This repository provides a simple demonstation of stateless WSGI applications being load balanced using HA Proxy, with KeepAliveD used for VIP failover.
In this example there is a pair of frontend applications sitting behind a pair of load balancers, and a pair of backend applications sitting behind another pair of load balancers to demonstrate full stack load balancing.
Four CentOS 7 VMs are used to provide this example and each pair represents an individual cluster. Rather than use external load balancing, each cluster contains all necessary components to provide a high availability connection.
Each virtual IP is managed using Virtual Router Redundancy Protocol in KeepAliveD. This ensures quick failover of the VIP in the event of a failure on the master node, allowing connections to resume reaching the cluster in ~1 second.
The primary method for distributing load to the application servers is through a HA Proxy load balancer configured to use an active:active round-robin balancing method to send requests to each application server. A health check is implemented in the configuration, resulting in a ~2 second failover in the event of a failure in one of the application servers.
KeepAliveD is configured to fail over the address if the HA Proxy load balancer is stopped for any reason, providing full fault tolerance for the load balancers, application servers, and the host machines.
- Vagrant >= 1.7.4
- Virtualbox >= 4.3.28
- 4GiB of free memory
Simply start Vagrant to provision the cluster.
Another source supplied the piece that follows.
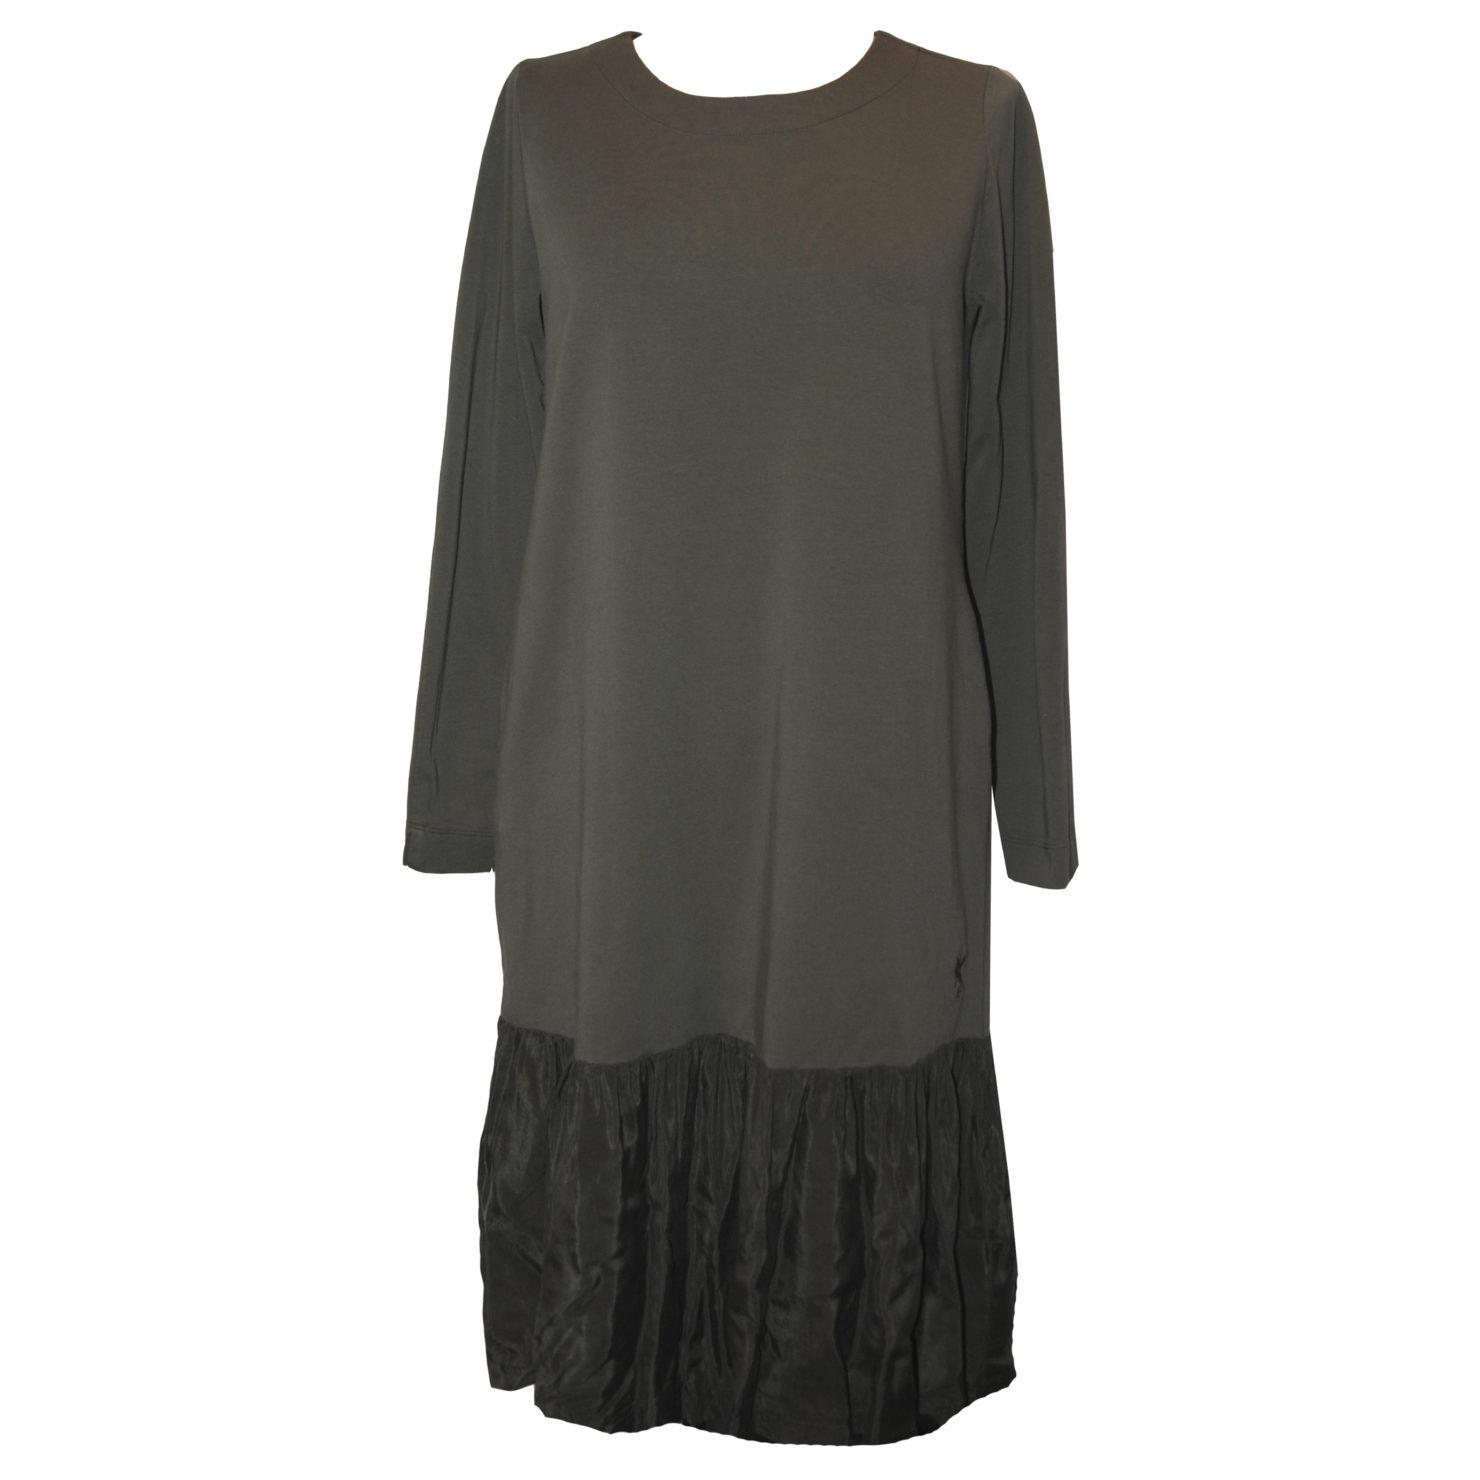 europeanculture | kleid mit volantrock | khaki

On my local machine this takes ~8m.
vagrant up
You can then reach the Frontend web service via http://192.168.99.10/.
You can also query the API via http://192.168.99.10/frontend:
curl http://192.168.99.10/frontend
{
"backend": "backend-01",
"frontend": "frontend-02"
}
Note: It is useful to run something similar to the following command to watch the cluster fail over correctly. This will get a new response every 2 seconds and allow an almost real-time view of the service state.
$ watch curl -s http://192.168.99.10/frontend 2>/dev/null
Every 2.0s: curl -s http://192.168.99.10/frontend
{
"backend": "backend-01",
"frontend": "frontend-02"
}
You can test VIP failover in two ways; you can shutdown the VIP service itself, or the load balancer it points at.
Stop KeepAliveD:
sudo systemctl stop keepalived
Stop HA Proxy:
sudo systemctl stop haproxy
Either command should mean that the VIP fails over to the secondary node (frontend-00
fails to frontend-02
, backend-00
fails to backend-02
). You can see the log entries for VIP failover in /var/log/messages
To test that the load balancers correctly pick up a failing application server and only route requests to the healthy nodes in the cluster you can stop one of the application servers.
Stop application server:
sudo systemctl stop ha-demo
If the load balancer health checks are working correctly, all requests should be diverted to the other node.
You can check the current status of HA Proxy by visiting the admin pages at http://192.168.99.10:8080/ and http://192.168.99.20:8080/.
Starting the services again should restore full availability.